Rust Compiler Plugins: A Simple Example

As my adventure at Persistence Labs has come to an end I’ve decided to move my blogging back here. In the interests of getting back to writing, I’m going to start with something rather mundane but also easily summarised: Rust is awesome. You should seriously consider putting some time into figuring out if it’s useful for your engineering tasks. For program analysis related experimentation I’ve found it provides a nice balance between execution speed and productivity.

That’s it really, but in the interests of verbosity I’m going to quickly run through one rather pleasing discovery I made when flicking through the documentation a few months back. Most conversations on Rust’s advantages revolve around approaches to types, memory safety and other core language and runtime features. Way down at the end of the Rust book, in the ‘nightly’ section, I discovered that alongside all of these advantages Rust also makes it very simple to write compiler plugins, which can be used for a variety of ends. A minor feature in comparison to the other strides Rust makes, but an important one to be included as a (nearly) first-class member of the language. Tooling is an significant factor in determining language adoption, and standard infrastructure to develop such tooling is a useful foundation.
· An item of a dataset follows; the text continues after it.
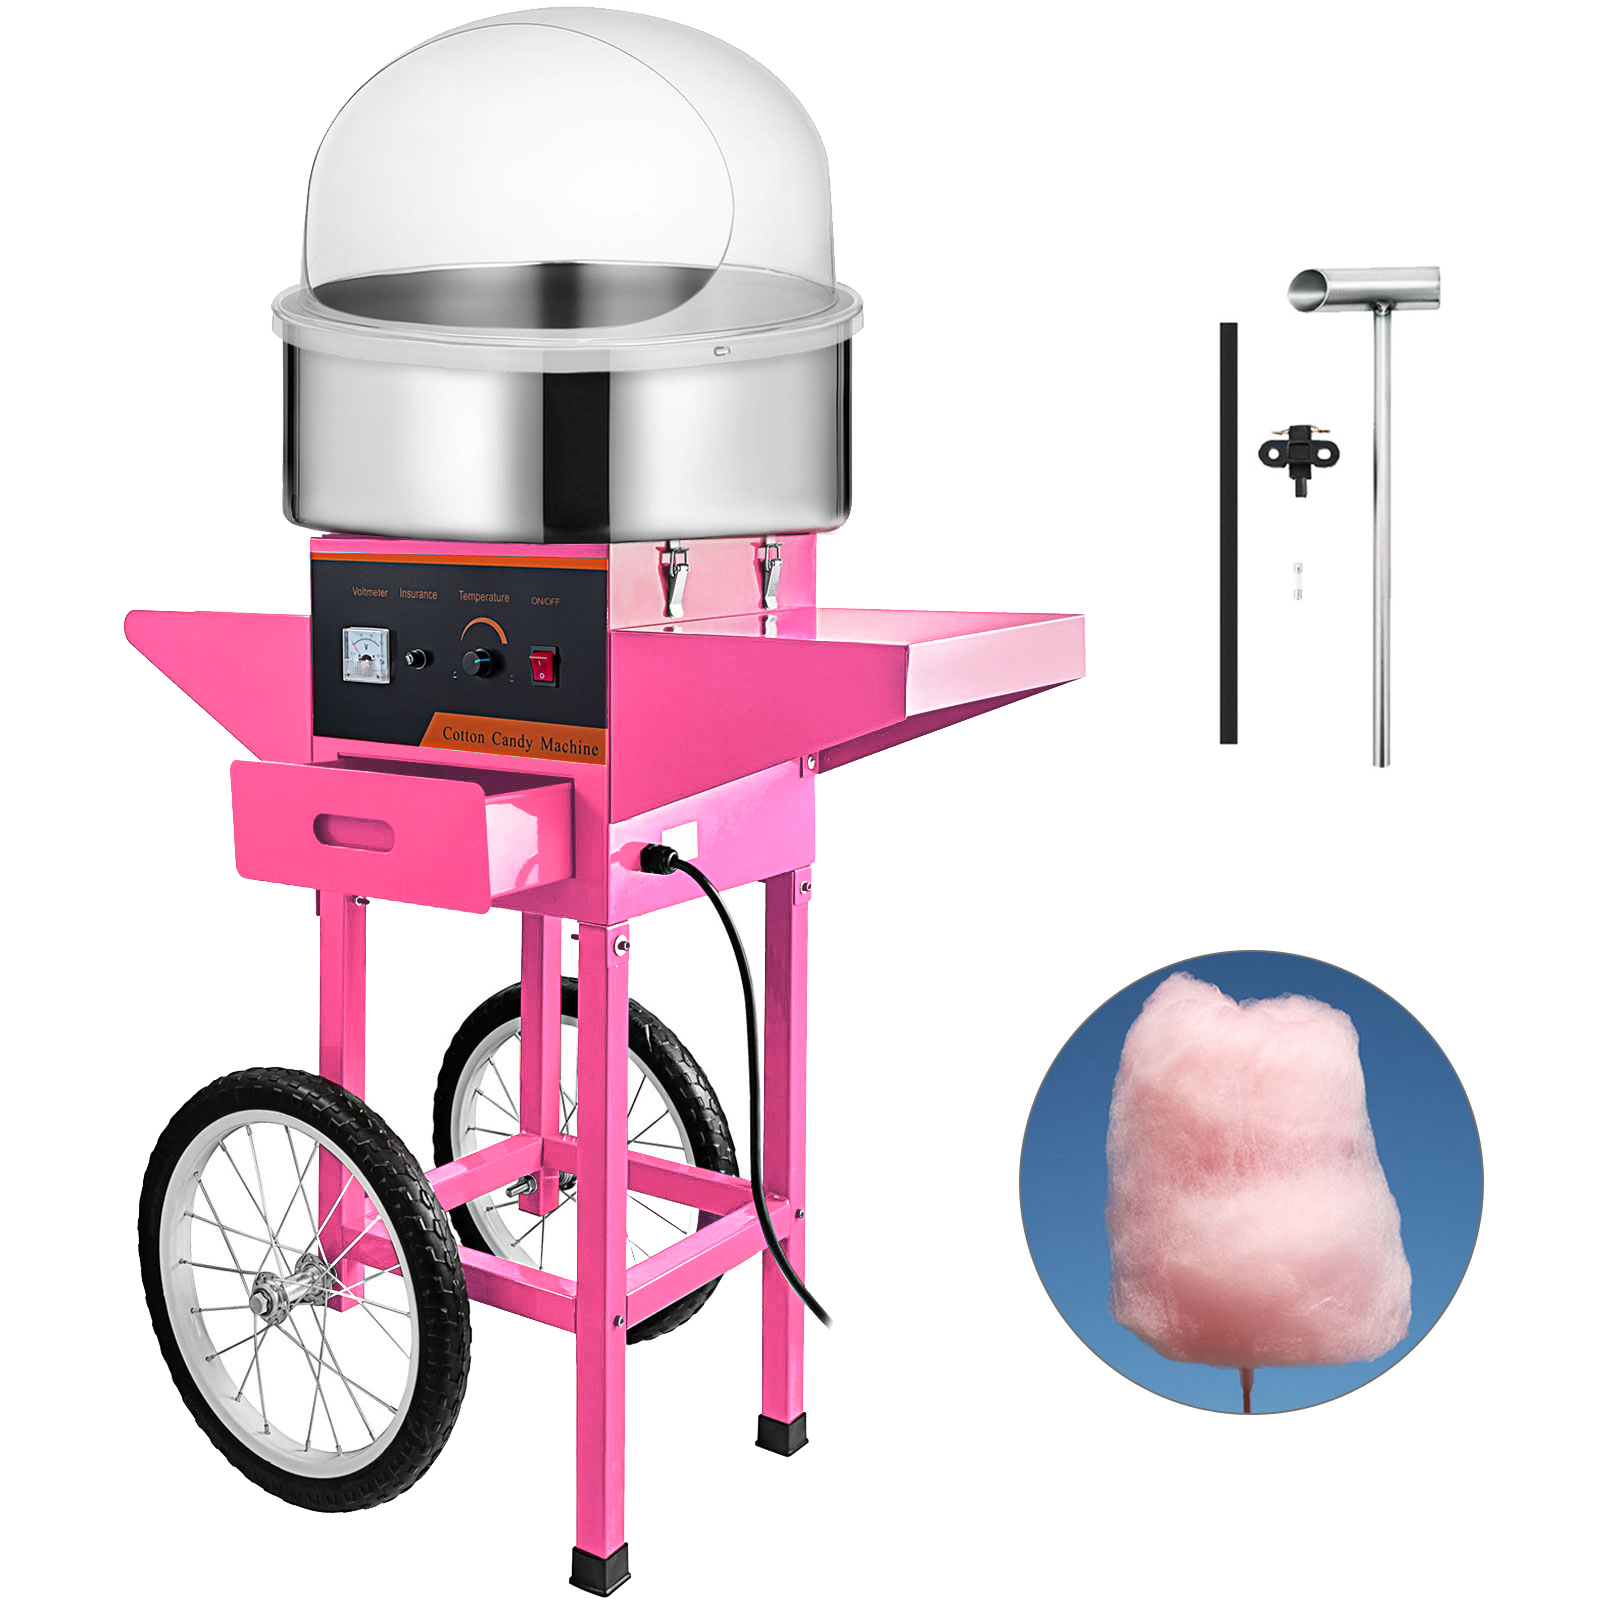 cotton candy machine with cart, pink, 20 inch

Compiler plugins are still considered unstable in Rust, and are enabled only on the nightly build, but they’re easy to work with. An example of a linter is provided in the Rust repository, but no sample of a standalone linter package, and its inclusion/use to check other code, is provided (that I could see). To figure out what exactly is involved in that, and to get a feel for how one writes and uses a compiler plugin, I created pedantrs, a very simple compiler plugin which can be included in other Rust projects and will run a few very basic lint checks. The linter isn’t intended to be used “for real”, but it will hopefully provide answers if you’re wondering how to create a simple compiler plugin project and make use of if. Here I’ll just run through some of the things that are underdocumented [1] elsewhere or took me some experimentation to figure out.

Crate Setup

Compiler plugins are libraries and can be created as per usual via cargo create. You indicate that you are creating a compiler plugin by setting plugin = true in the [lib] section of the Cargo.toml.

Early vs Late Lint Passes

The plugin registry provides both the register_early_lint_pass and register_late_lint_pass functions, but the documentation doesn’t have a whole lot to say about when each should be used. Early lint pass functions are provided with an EarlyContext, while late lint pass functions are provided with a LateContext. As the documentation says, and as was clarified by the helpful folks on #rust, the former provides context for checking of the AST before it is lowered to HIR, while the latter provides context after type checking has occurred. Most significantly, the LateContext contains a ctxt instance containing the information generated by the type checker. If you need access to the latter information then you need to register a late pass, while if you only need AST information then you can use an early pass.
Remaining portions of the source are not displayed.